How good was my last configuration change? The following article shows how to implement the “7-Step Continual Service Improvement”-Process for a cloud computing environment.
Why is Continual Service Improvement important?
Delivering an IT service (like e. g. a cloud) is not a project. A project is something unusual and has a clearly defined beginning and an end. Running and Operating an IT service is a continuous task. Service consumers expect the IT service to be available whenever they need it. An IT service is supposed to be used regularly for regular business tasks and for an indefinite time frame. Even if IT services have a limited lifetime, they are expected to run as long as it is possible to maintain them.
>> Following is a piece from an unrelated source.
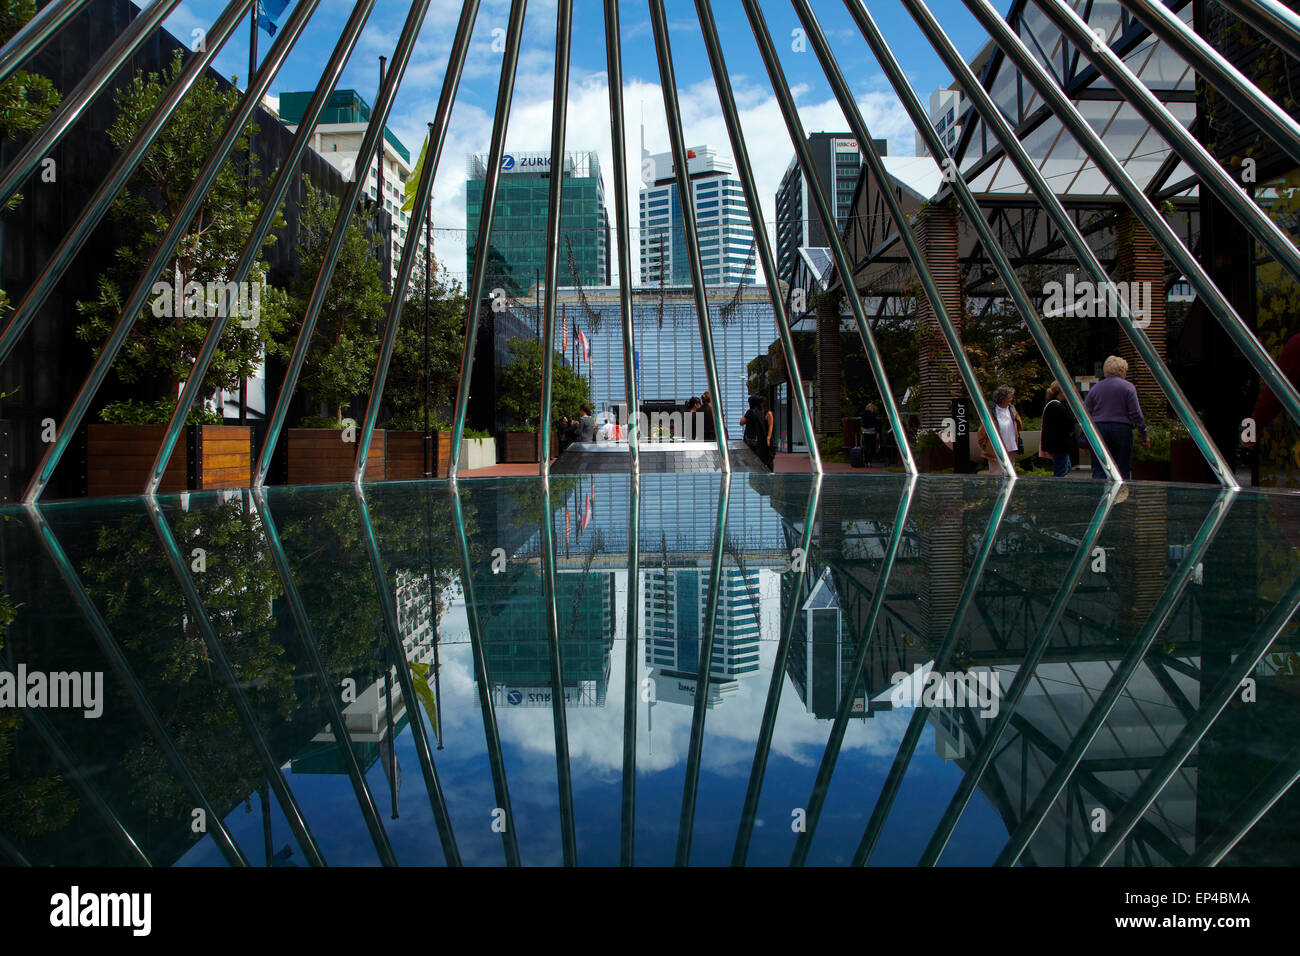 La riflessione di Britomart centro di trasporto, uffici e negozi, attraverso la griglia di acciaio, Auckland CBD, Isola del nord, Nuova Zelanda Foto Stock

No IT service is operating without errors. Bad user behaviour or misconfiguration can cause operating failures. Therefore IT services must be maintained regularly. Because IT services are used continuously, such improvement and maintenance tasks must be performed repeatedly. While the usual operation of the IT service is expected to be continuous (or at least very close to it), service interruptions occur unexpectedly and maintenance tasks are performed step-by-step. Therefore service improvement is called to be “continual” rather than “continuous”.
The “7-Step Continual Service Improvement” process is a best practice for improving IT services. It follows the steps outlined in (Fig. 1). If we want to establish the 7-Step process for a cloud service we must describe how each of the steps can be applied to a cloud service. We must define what we do at each step and what outcomes we expect from each step. These definitions will be described in the 7 following sections.
Fig. 1: 7-Step Continual Service Improvement Process.
Step 1: What should be measured?
In order to compare your system configuration before and after the change, you must measure the configuration. But what should be measured? A good approach is to use “critical success factors” and deduce “key performance indicators” from them. Critical success factors are important goals for the organization running the system. Should the cloud provider company be seen as a very reliable provider? Then reliability is a critical success factor. Key performance indicators are aspects of the observed system that indicate success of the organization which operates the system. They can be deduced directly from the critical success factors. If e. g. the provider must be reliable, the cloud system should be highly available.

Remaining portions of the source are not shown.